Я не тот (я другой!) – тогда радуюсь. Но чаще не тот – просто никто. Тогда грущу и отступаюсь.

Письмо 11

6 марта 1923 г.

Пастернак – Цветаевой

Дорогая Марина Ивановна!

Мы уезжаем 18 марта. В мае 1925 года я увижу Вас в Веймаре, даже и в том случае, если мы свидимся с Вами на днях. Этого последнего я бы желал всей душою. Я не боюсь того, что мне станет после этого трудней уезжать отсюда, потому что Веймар останется впереди и будет целью и поддержкой. Я не боюсь также, что лишусь Вашей дружбы по моем свиданьи с Вами, что бы плачевного я Вам ни рассказал и Вы бы ни увидали, потому что то и другое явится естественным продолженьем Ваших догадок не обо мне, как, за всеми поправками, Вам все-таки угодно думать, – о, далеко нет, но о том родном и редкостном мире, которым Вы облюбованы, вероятно, не в пример больше моего и которого Вы коснулись родною рукой, родным, кровно знакомым движеньем.

Темы «первый поэт за жизнь», «Пастернак» и пр. я навсегда хотел бы устранить из нашей переписки. Извините за неучтивость. Горячность Ваша иного назначенья. Многое, несмотря на душевно-родственные мне нотабены, препровождено у Вас не по принадлежности. Будьте же милостивее впредь. Ведь читать это – больно.
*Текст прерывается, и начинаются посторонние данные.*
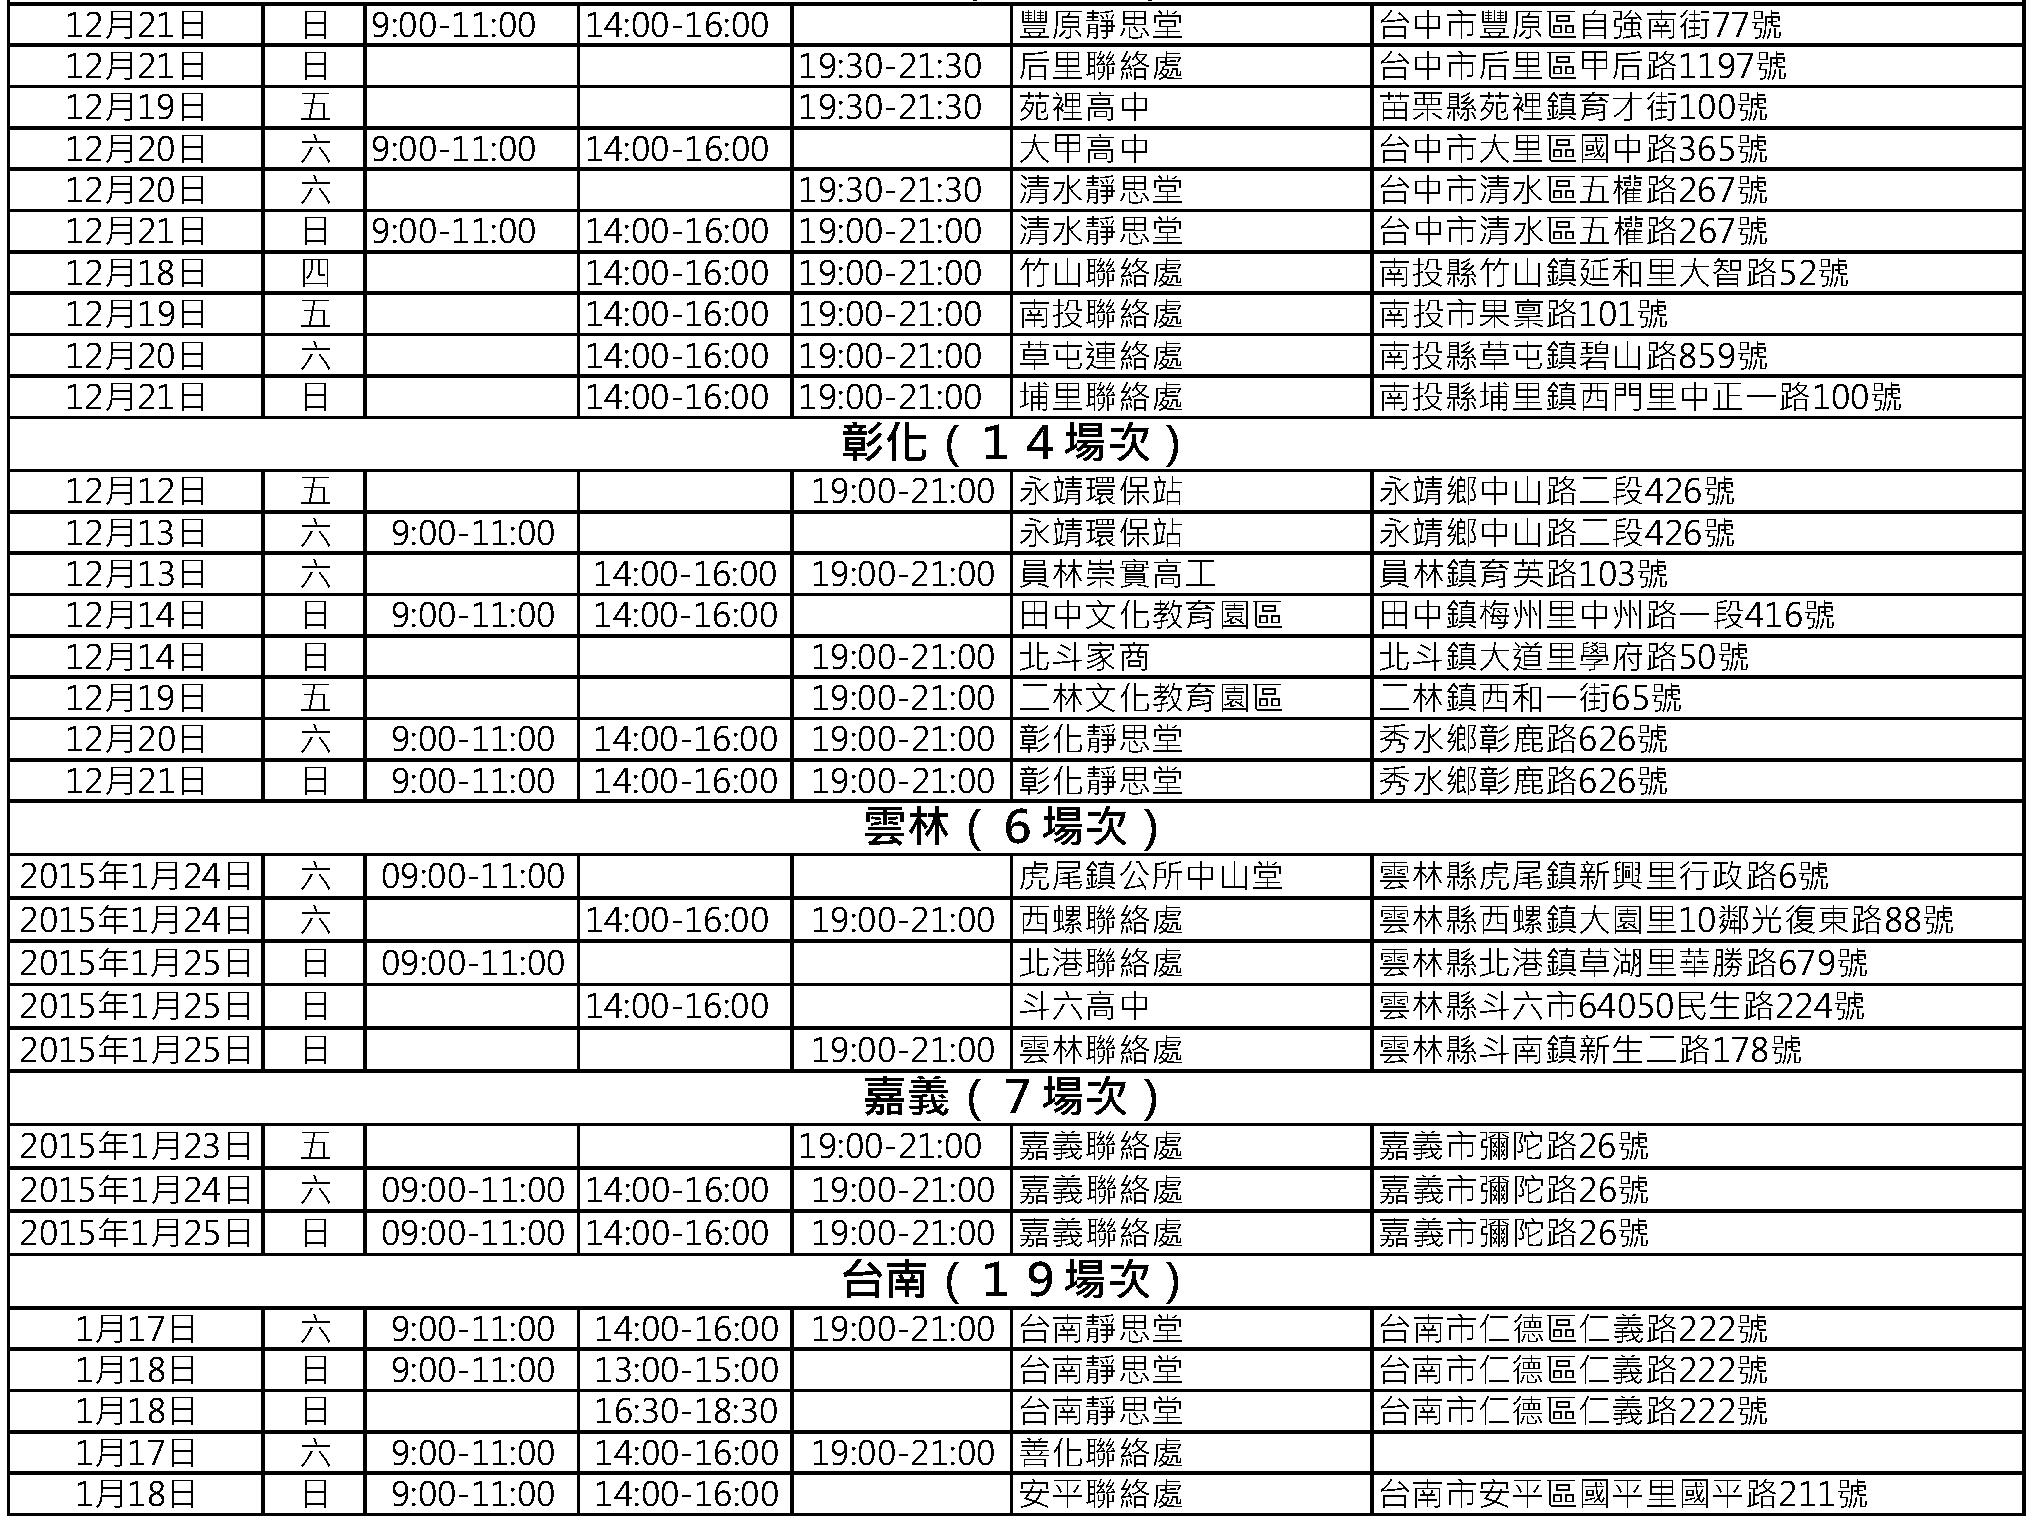 2014年慈濟全省社區歲末祝福場次彙整20141205_頁面_3.png

За одно благодарю страшно. За позволенье думать, что обращаясь к Вам, Вам же и отвечаю. Это – подарок. С этой надеждой я не расстанусь. Но Вы забыли может быть? Это у Вас в первом письме. «Когда бы Вы ни писали, знайте, что Ваша мысль – всегда в ответ». А вот другое внушенье, это из второго. «Сумейте наконец быть тем, кому это нужно слышать, тем бездонным чаном, ничего не задерживающим, чтобы сквозь Вас, как сквозь Бога, – прорвой!» Этого наказа я не принимаю, я его парирую. Мне в нем не нравятся два слова. «Сумейте» и «наконец». С Вами я меньше всего хотел бы что-нибудь уметь, слышать мне Вас без уменья надо, без установки на Вас, дело опять не в этом. Дорогая Марина Ивановна, будемте действительно оба, всерьез и надолго, тем, чем мы за эти две недели стали, друг другу этого не называя. В заключенье позвольте отнять у Вас право сердиться на меня за это письмо. Ему надлежало выразить две вещи. Одну, простейшую, непомерной глубины – Вам в лицо. Другую, тоже простую, но запутанности чрезвычайной, – всем вообще, о судьбе, о житье-бытье, о всякой всячине. Эту нелегкую долю оно с себя с самого же начала сложило. Напишите тотчас, приедете ли Вы, т<ак> к<ак> я пишу в расчете на живой и близкий разговор с Вами.

Ваш Б.П.

Письмо 12

Прага, 8 нов. марта 1923 г.

Цветаева – Пастернаку

Дорогой Пастернак,

Со всех сторон слышу, что Вы уезжаете в Россию (сообщают наряду с отъездом Шкапской). Но я это давно знала, – еще до Вашего выезда!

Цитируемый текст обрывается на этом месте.